TASSAZIONE DEL DIRITTO DI SUPERFICIE

  • Quesito    
    • Si chiedono chiarimenti sulla corretta modalità di tassazione del diritto di superficie.

  • Risposta    
    • Alla costituzione e alla cessione di diritti reali di superficie deve essere applicata la normativa prevista per le cessioni a titolo oneroso e, in particolare, quella contenuta negli articoli 67 e 68 del Tuir.
    • Più precisamente, il citato art. 67, c. 1, lett. b) prevede che sono inclusi fra i redditi diversi, se non costituiscono redditi di capitale ovvero se non sono conseguiti nell’esercizio di arti e professioni o di imprese commerciali o da società in nome collettivo e in accomandita semplice, né in relazione alla qualità di lavoratore dipendente “le plusvalenze realizzate mediante cessione a titolo oneroso di beni immobili acquistati o costruiti da non più di cinque anni, esclusi quelli acquisiti per successione e le unità immobiliari urbane che per la maggior parte del periodo intercorso tra l’acquisto o la costruzione e la cessione sono state adibite ad abitazione principale del cedente o dei suoi familiari, nonché, in ogni caso, le plusvalenze realizzate a seguito di cessioni a titolo oneroso di terreni suscettibili di utilizzazione edificatoria secondo gli strumenti urbanistici vigenti al momento della cessione”.
    • Posto che la costituzione del diritto di superficie in esame genera una plusvalenza – qualora il terreno agricolo sia posseduto da meno di 5 anni e in ogni caso per le aree fabbricabili – occorre individuare le modalità di determinazione della stessa.

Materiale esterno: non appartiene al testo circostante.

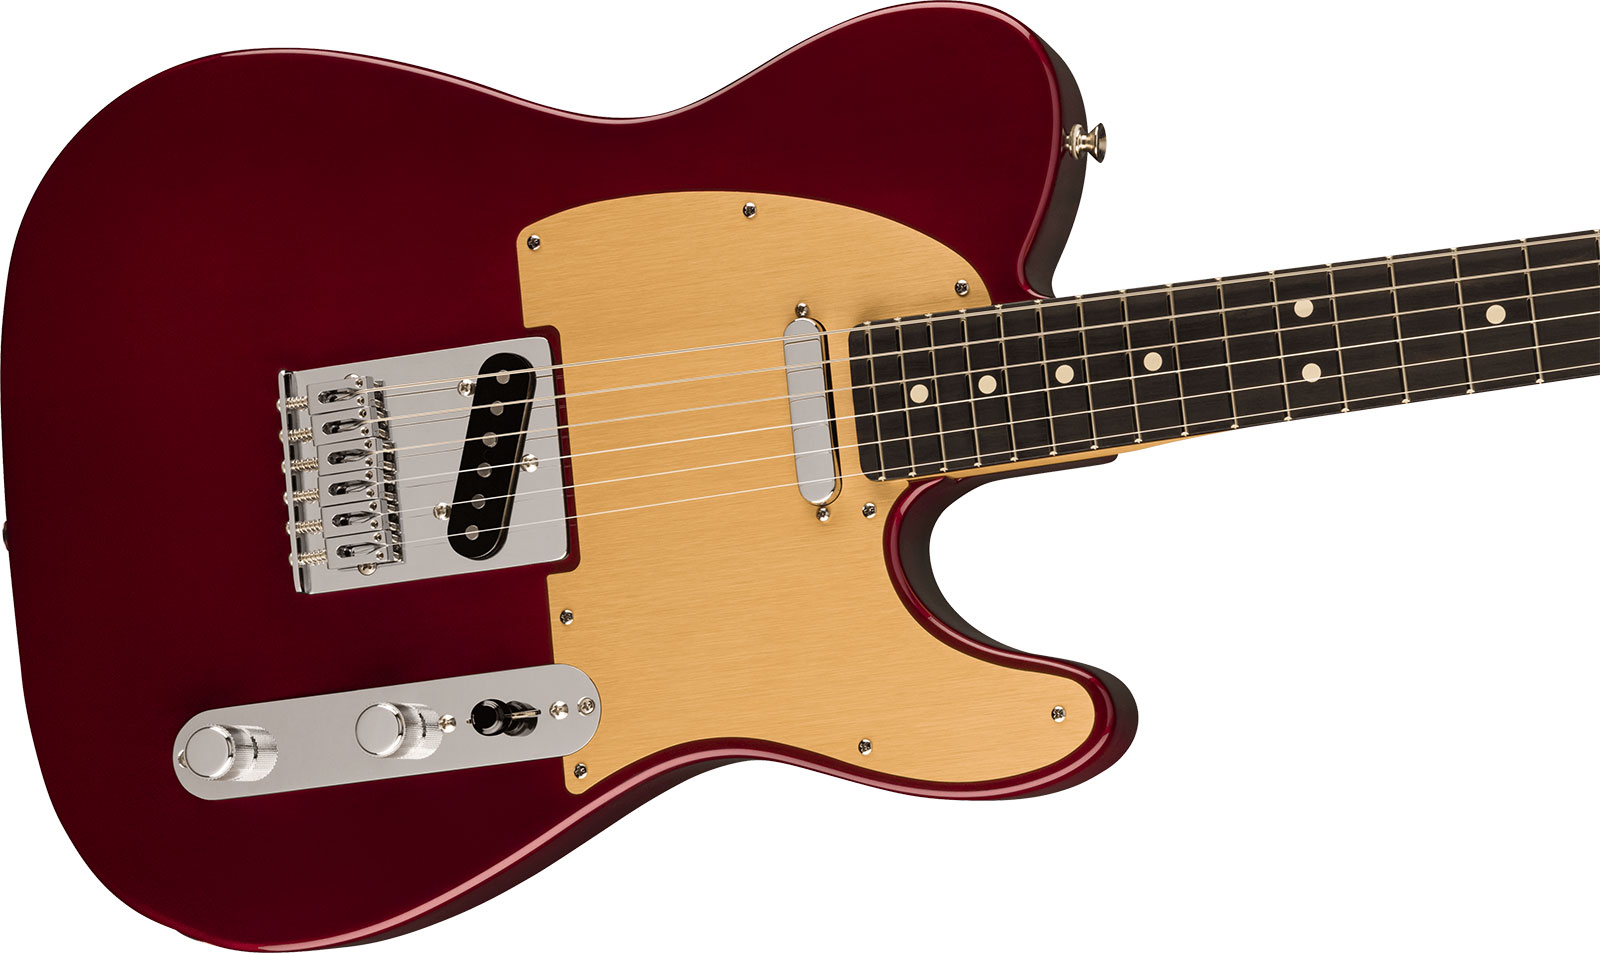 Fender Tele Player Ltd Mex 2s Pure Vintage Ht Eb - Oxblood - Tel shape electric guitar - Variation 2

    • Al riguardo, si ricorda che, ai sensi dell’art. 68, c. 1 Tuir, la plusvalenza è costituita dalla differenza tra i “corrispettivi percepiti nel periodo di imposta e il prezzo di acquisto o il costo di costruzione del bene ceduto, aumentato di ogni altro costo inerente al bene medesimo”.
    • Pertanto, nel caso di cessione del diritto di superficie acquistato da meno di 5 anni, la plusvalenza sarà costituita dalla differenza tra il corrispettivo percepito nel periodo di imposta e il costo di acquisto del diritto stesso. 
    • Nel caso in cui il diritto reale di superficie sia concesso senza un precedente acquisto a titolo oneroso, la plusvalenza sarà determinata individuando il “prezzo di acquisto” originario del diritto secondo un criterio di tipo proporzionale, fondato sul rapporto tra il valore complessivo attuale del terreno agricolo o dell’area fabbricabile e il corrispettivo percepito per la costituzione del diritto di superficie, da applicare al costo originario di acquisto del terreno (cfr. risoluzione 10.10.2008, n. 379/E e circolare 20.04.2018, n. 6/E).